I have three cross-sectional data sets, and I am trying to merge them into one longitudinal data set. Some measures are constant (id, sex, community) and others vary over time (x1 and y). I would like to have a long-form final data set with one column for each of the variables mentioned above. I thought merge_recurse() would do the trick but it produces two columns each for y and x1 (although data12 and data14 merge as I had hoped... perhaps because these variables are renamed after the first merge?).
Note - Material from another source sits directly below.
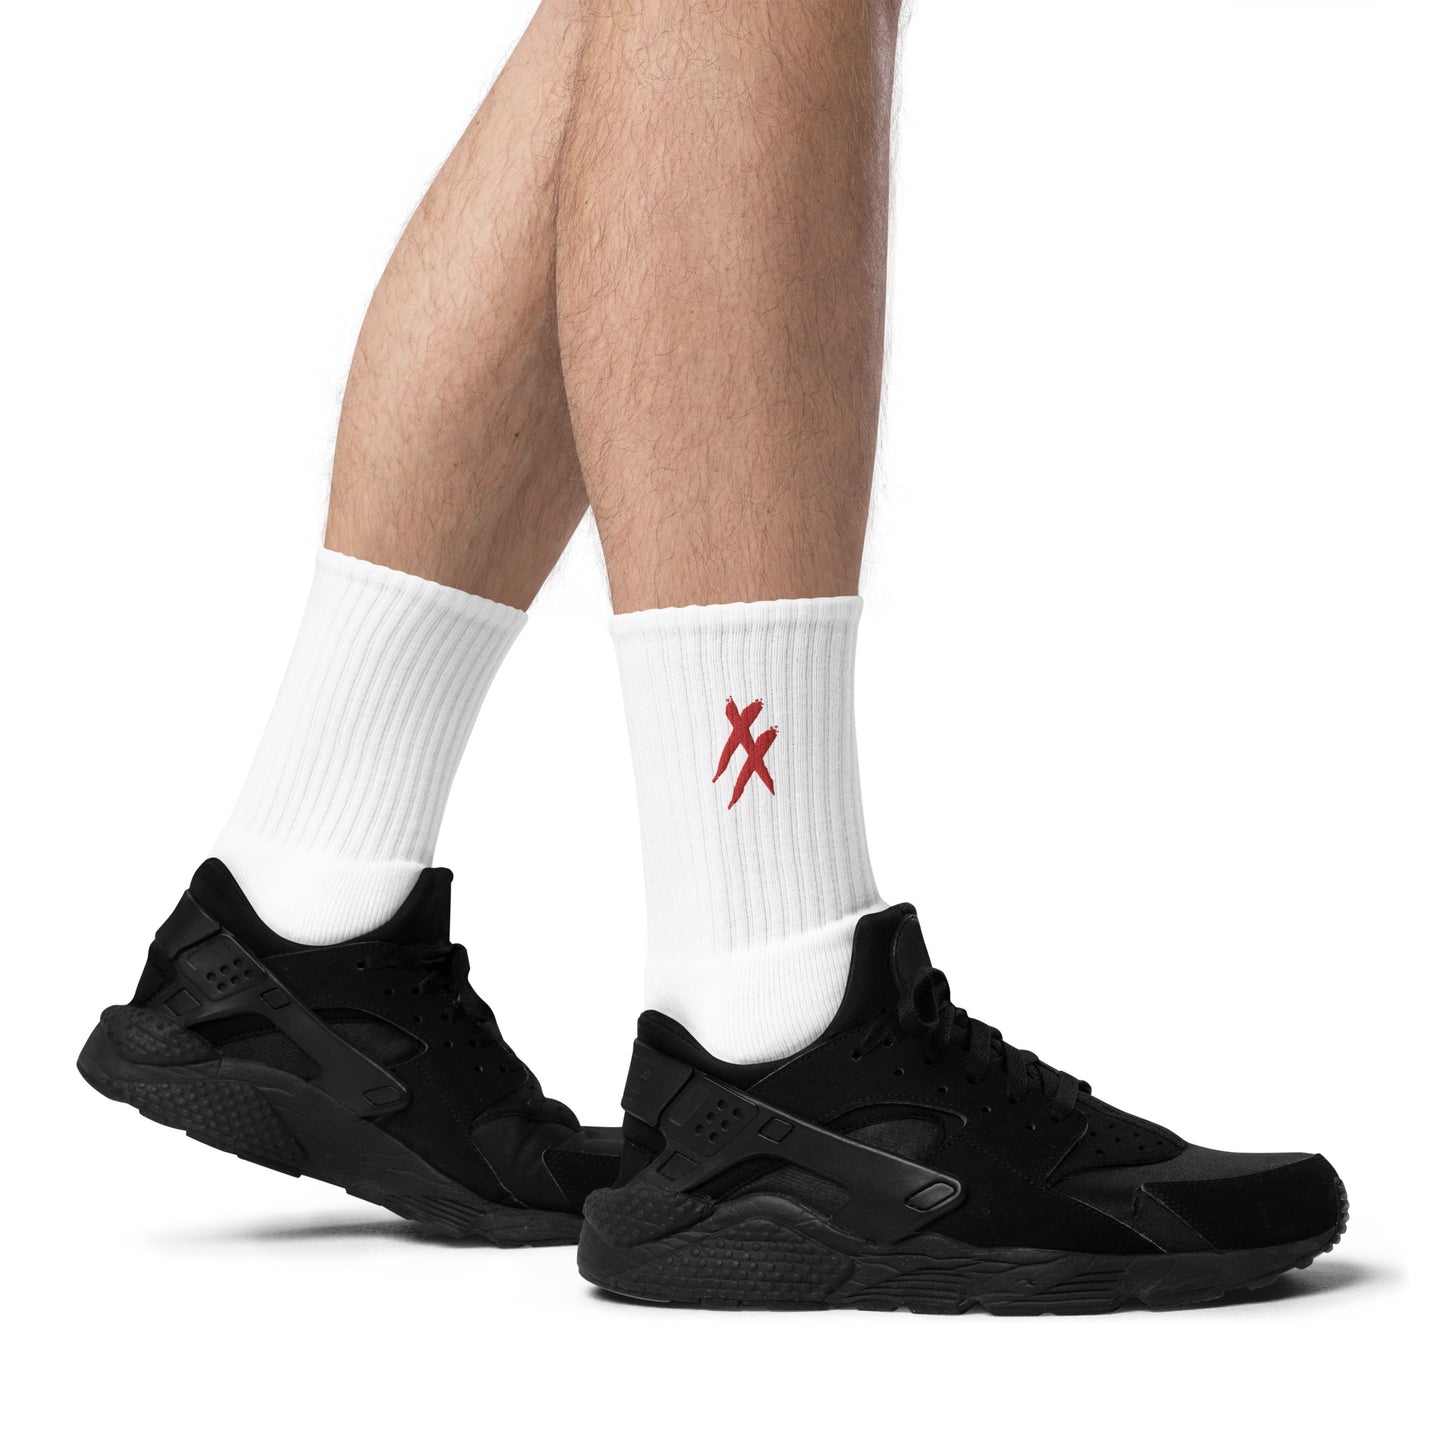 Red X's - Embroidered socks

Any thoughts on how to do this simply and quickly? Example data below.
我有三个横截面数据集,我试图将它们合并为一个纵向数据集。一些措施是不变的(身份,性别,社区),其他措施随时间变化(x1和y)。我希望有一个长形式的最终数据集,上面提到的每个变量都有一列。我认为merge_recurse()可以做到这一点,但是它为y和x1分别生成了两列(尽管data12和data14按照我的希望合并...也许是因为这些变量在第一次合并后重命名了?)。关于如何简单快速地做到这一点的任何想法?以下示例数据。
#Constant over time
id = seq(1, 100, 1)
sex = sample(c("male","female"), 100, replace=TRUE)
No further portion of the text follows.